Leroi Instruction Manual

Behind a Big Belly is always a wise

E' panzò other Thursday or perhaps before, or any one Thursday I went to a beach at Marina di Ravenna. is the bathhouse that normally attend, and especially in the evening is not so sure that the skin until dusk balding is the best way to develop those drugs that many physicians arrabattono calling them "necessary for the morale and welfare" [In short, the ultraviolet rays have various actions on the skin more or less increments: pigmentogena stimulate the function, ie the new formation of melanin in the epidermis (the tan), play a disinfectant to the skin, stimulate the synthesis of vitamin D, among the mild adverse effects , there is erythema (the burn), involving the vessels and cells of the epidermis and is manifested by hyperemia, rupture of small vessels, blisters, edema, leakage, also the mass, accelerate the growth of hair and, ah, yes, sometimes can cause the appearance of skin cancers. NB: It is clear that all of this I could not care less if it considers not only the tan skin but a boorish action hick white milk-gone-to-male and the bags under his eyes like a must the true radical-chic-alternative].
the beach club that I attend is called Hana-Bi (name derived from a film by Takeshi Kitano, a hero in the purest Japanese style raw fact of violence interspersed with real poetry of little things, that is before you guts a yakuza with a forage-chicken and then does a single sequence of 22 minutes on the look innocence of a child). the Hana-Bi is run by a guy who was once the guitarist of a group hard-core/punk a certain reputation in Eastern pre '89 (this news is cloaked by a certain aura of mystery and is not been possible to ascertain the veracity) that then opened (type) a CD shop and then opened a local ravenna still open and functioning and chiamantesi Bronson (Charles Bronson, the man of the film Death Wish, where after that they had killed and raped and killed in any order yet his daughter, he goes into storage on get back at everything and everyone with a chicken-chopping). in these two places, Hana-Bi and Bronson, the kind of stuff takes very beautiful indie concerts, small groups English post-punk, American and overblown imbolsiti pounding and menano (tools) and seem to have 4 arms and 5 feet 2 Panza. of its kind, has a respectable program.

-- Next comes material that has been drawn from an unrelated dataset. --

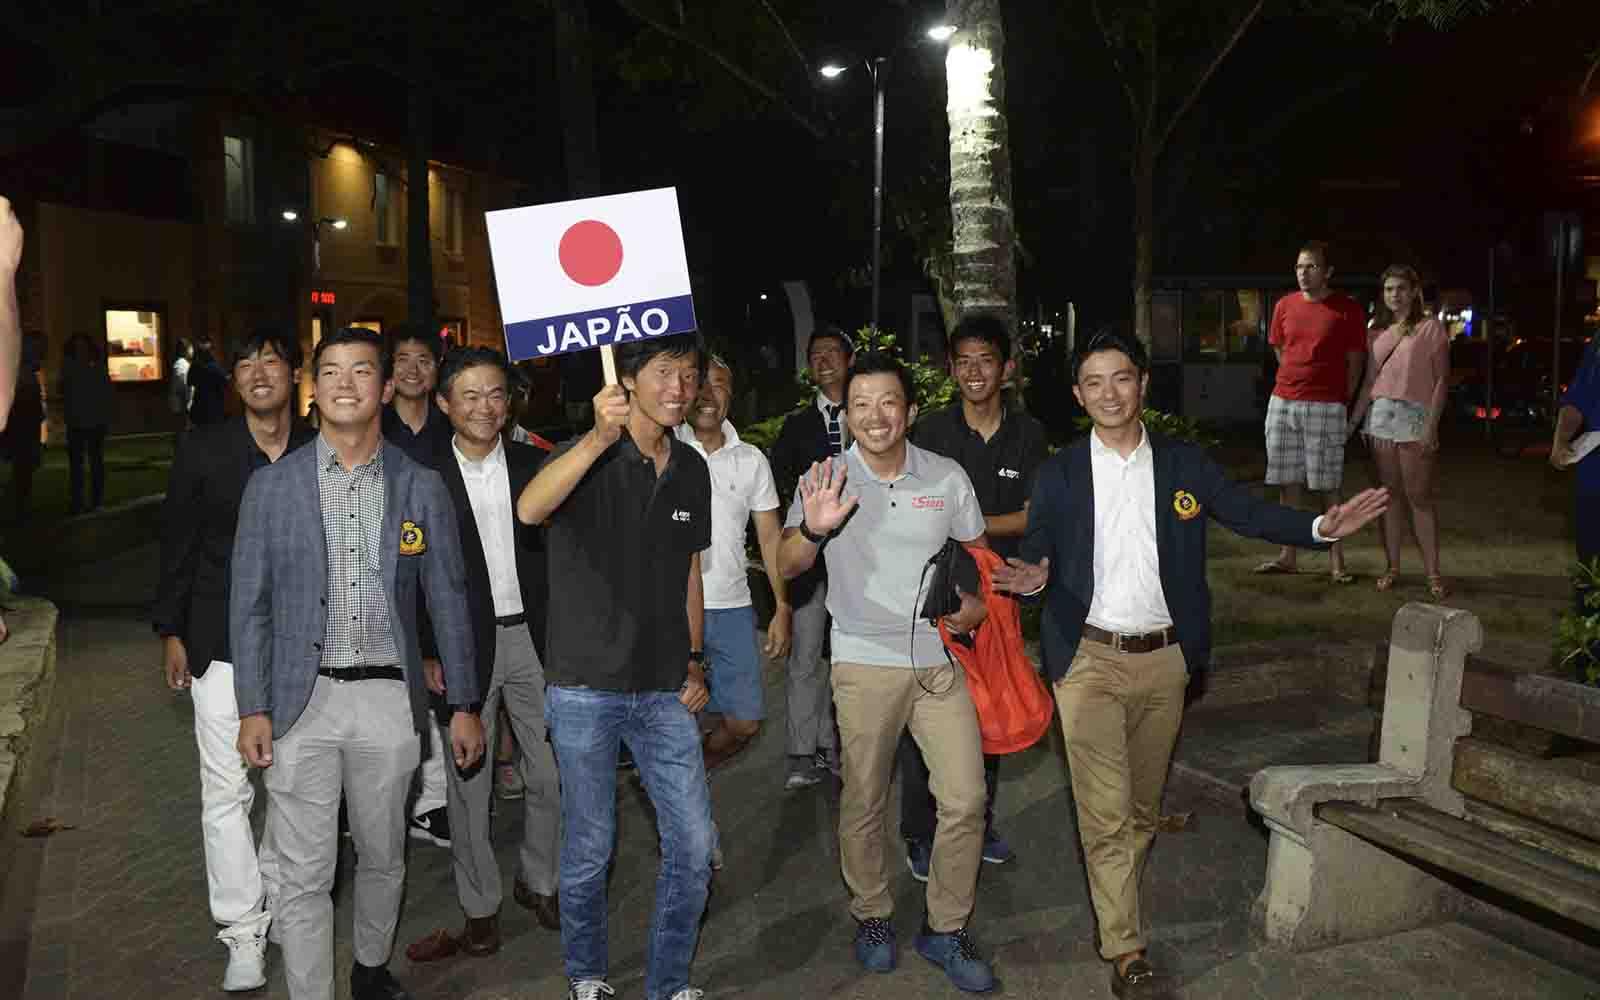 Japoneses (Ronald Kraag) Mundial de Snipe 2019 - boat shopping
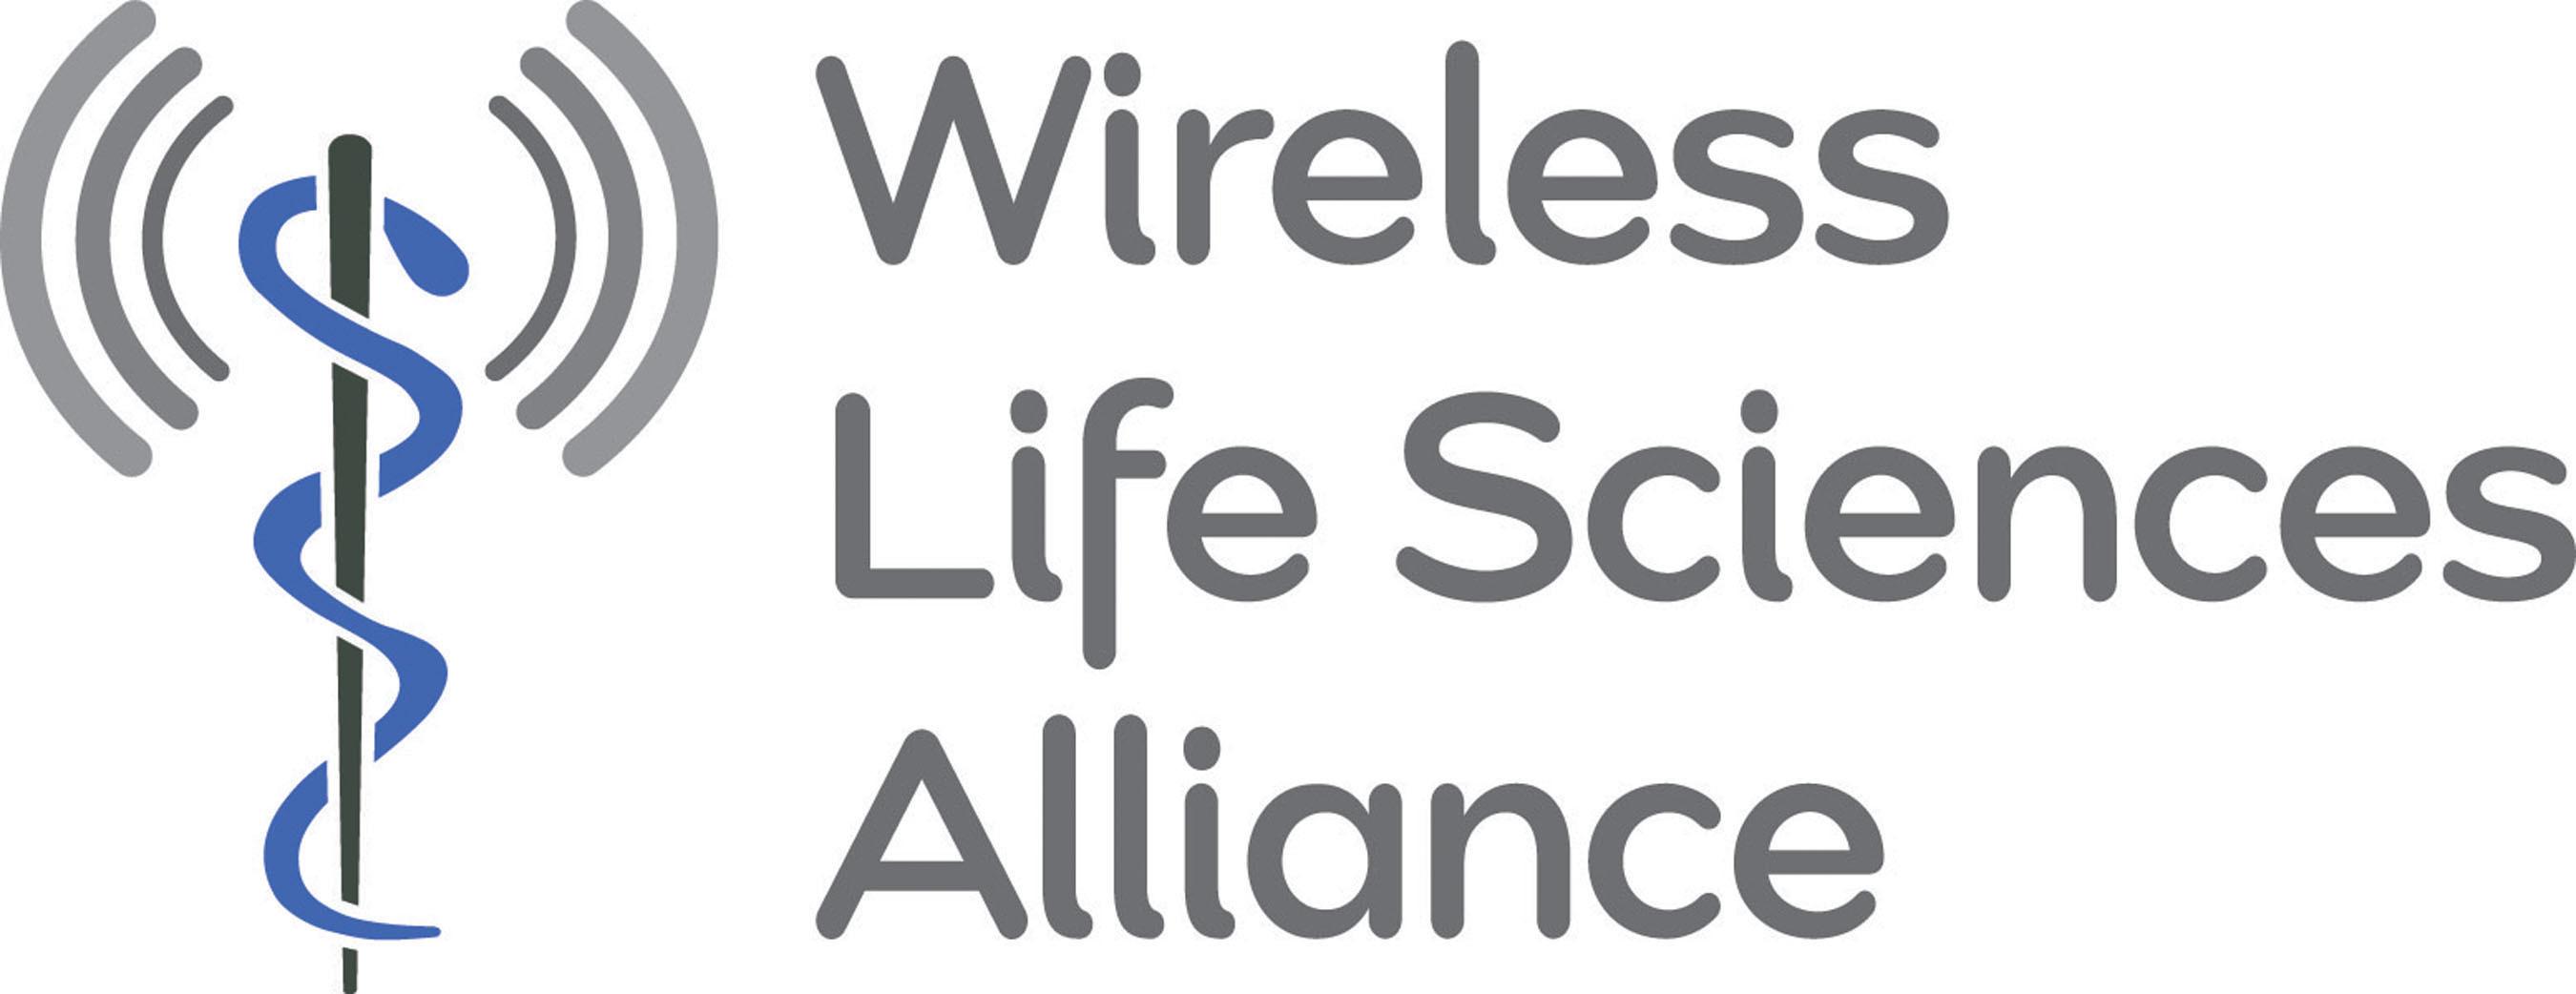 Wireless-Life Sciences Alliance Logo.

but I said that Thursday has invited a journalist to speak. a sports journalist [Note: To make it clearer and more loosely with the logic of some infinite series of stuff I'm telling you, and to give dignity to the complexity of his figure, I must say that the type (ie, the former bass guitarist and peeled which is also tattooed with a figona 1.78 cm high and no heels but with the amphibians) is a big football fan, I do not know, for example, I swear I saw him absorbed in front of the TV for a while Sampdoria-Catania a heavy metal band called gastric juice or something like that pounded nasty 10 m. from him].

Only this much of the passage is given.